Wherein, described hobby tagsort module comprises following submodule:

The corpus acquisition module, for obtaining corpus, and,

The test document acquisition module, for user search performance testing document; Wherein, described corpus comprises a plurality of classification, and each classification comprises a plurality of training texts, and described user search performance testing document belongs to described classification, and described user search performance testing document package contains user ID, search phrase and corresponding search time;

Training characteristics item production module, generate the training characteristics item of described classification for the training text that adopts each classification, and,

Search characteristics item production module, generate the search characteristics item of described user search performance testing document for adopting described search phrase;

With background technology, compare, the embodiment of the present application comprises following advantage:

The embodiment of the present application adopts NB Algorithm, calculates simply, and computing time is few, the user search behavioural information, according to configure weights search time, is calculated to the classification of user's hobby feature, and accuracy in computation is high, the corresponding matching rate of being recommended is high, recommends success ratio high.

The embodiment of the present application by personalized recommendation information configured in advance in user profile, in the time of user access, can directly obtain recommendation information corresponding to user after obtaining user ID, and need not calculate classification according to its user search behavioural information again, saved system resource and the efficiency that has improved personalized recommendation.

The accompanying drawing explanation

Fig. 1 shows the flow chart of steps of a kind of text training method embodiment that the embodiment of the present application provides;

Fig. 2 shows the flow chart of steps of a kind of hobby tagsort embodiment of the method based on the user search behavior that the embodiment of the present application provides;

Fig. 3 shows the flow chart of steps of the embodiment of the method for a kind of personalized recommendation based on the user search behavior that the embodiment of the present application provides;

Fig. 4 shows the structured flowchart of a kind of text training system embodiment that the embodiment of the present application provides;

Fig. 5 shows the structured flowchart of a kind of hobby tagsort System Implementation based on the user search behavior that the embodiment of the present application provides;

Fig. 6 shows the structured flowchart of the System Implementation of a kind of personalized recommendation based on the user search behavior that the embodiment of the present application provides.

Embodiment

For above-mentioned purpose, the feature and advantage that make the embodiment of the present application can become apparent more, below in conjunction with the drawings and specific embodiments, the embodiment of the present application is described in further detail.

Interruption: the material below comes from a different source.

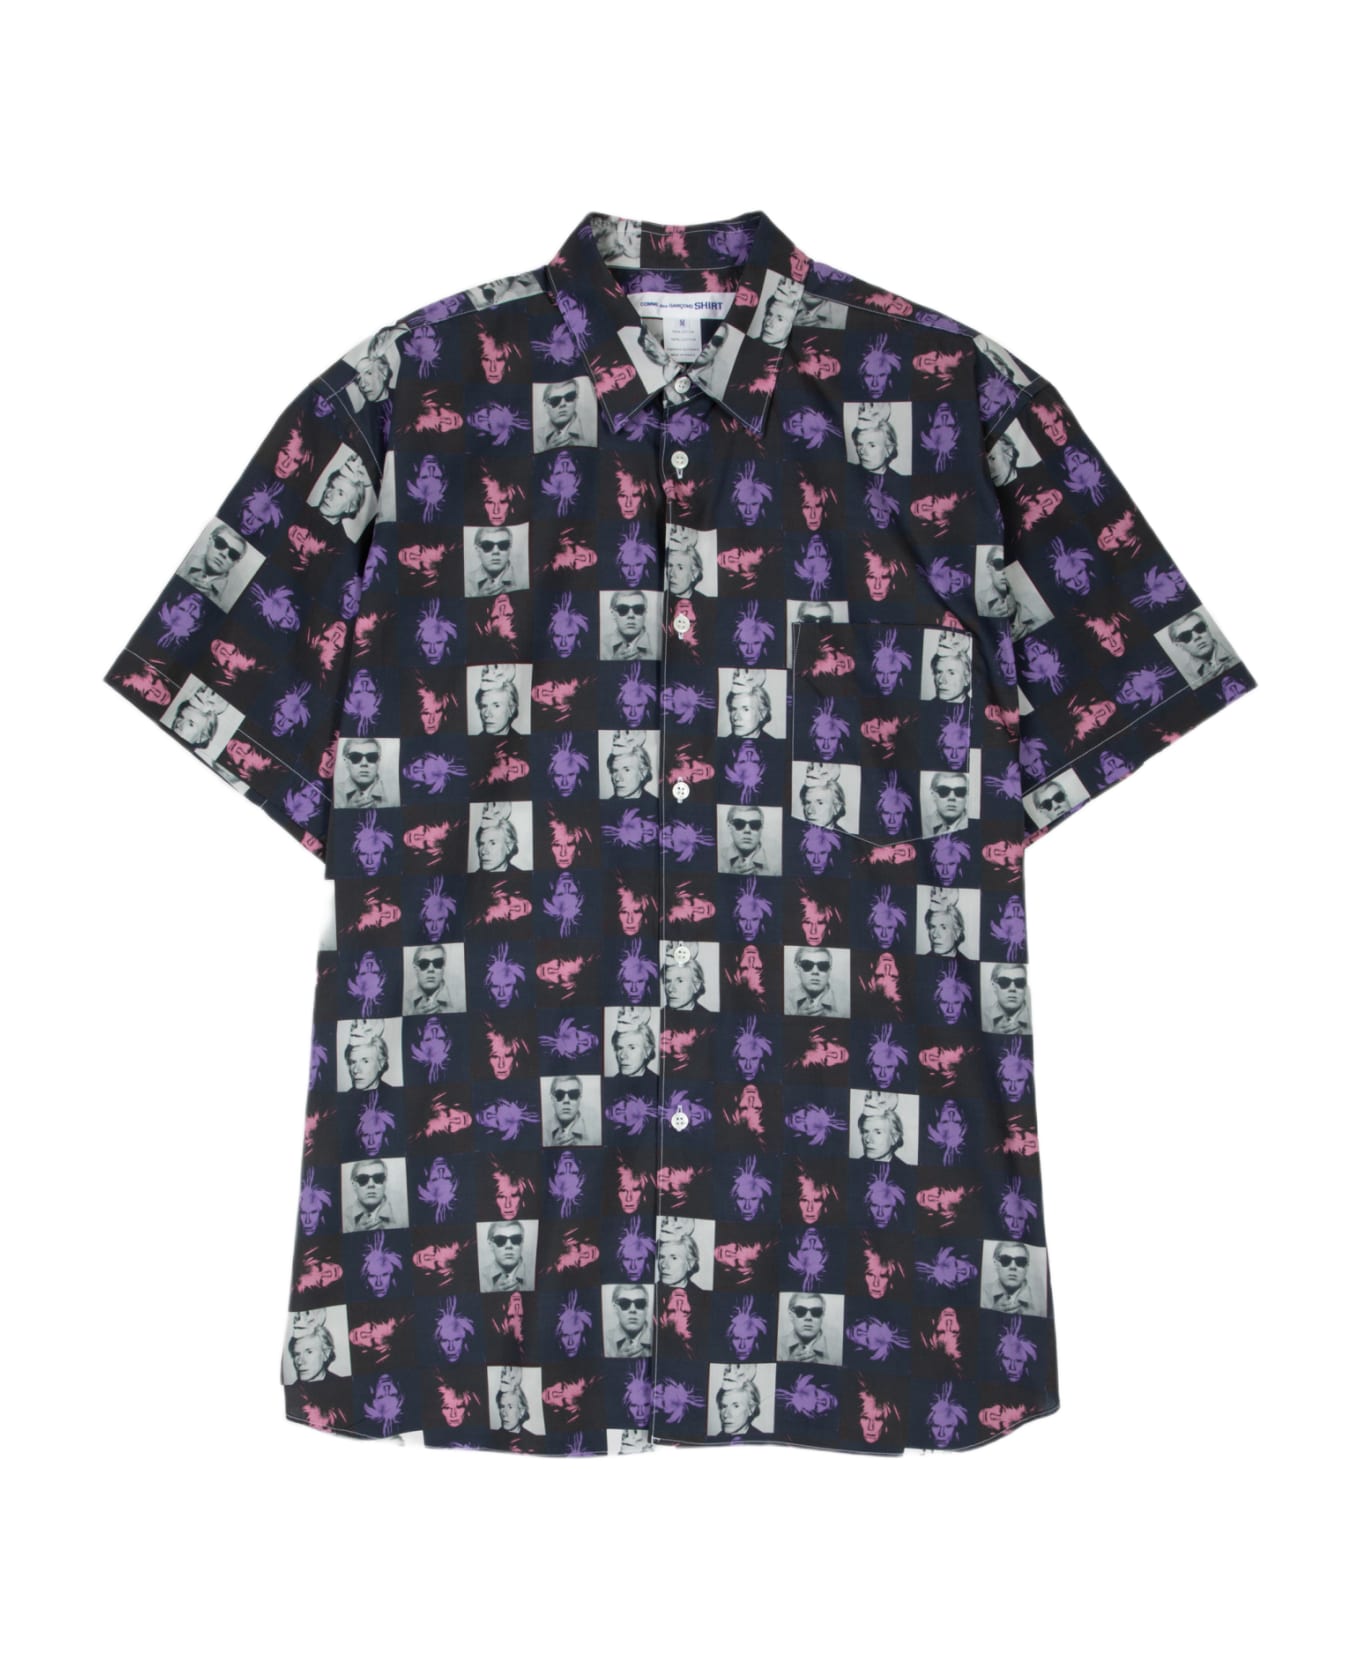 Comme des Garçons Shirt Mens Shirt Woven Multicolour Andy Warhol printed shirt with short sleeves - Multicolor

With reference to Fig. 1, show the flow chart of steps of a kind of text training method embodiment of the embodiment of the present application, specifically can comprise the steps:

Step 101, obtain corpus, and,

Step 102, obtain user search performance testing document; Wherein, described corpus comprises a plurality of classification, and each classification comprises a plurality of training texts, and described user search performance testing document belongs to described classification, and described user search performance testing document package contains user ID, search phrase and corresponding search time;

Be appreciated that, the applied corpus of the embodiment of the present application can be a fairly large standard Chinese text classification test platform, can comprise a plurality of classification in corpus, for example military affairs, physical culture, tourism, health etc., test document under classification can be the various language materials such as news, article.

Test data can be chosen the related data of some user search behaviors, and these users' interest preference can be marked by manual type, these users' interest preference be categorized as known.Certainly, the classification of these interest preferences is corresponding with the classification in corpus.

Described user related data comprises user ID, search phrase and corresponding search time, for example:

User A 2012-10-10 phrase 1 phrase 3 phrase 5 phrases 4

User A 2012-10-11 phrase 6 phrase 5 phrase 3 phrases 2

User A 2012-10-12 phrase 9 phrase 8 phrase 1 phrases 4

User A 2012-10-13 phrase 2 phrase 7 phrase 3 phrases 6

In general, can think that above-mentioned data are one piece of documents that consist of user and search phrase.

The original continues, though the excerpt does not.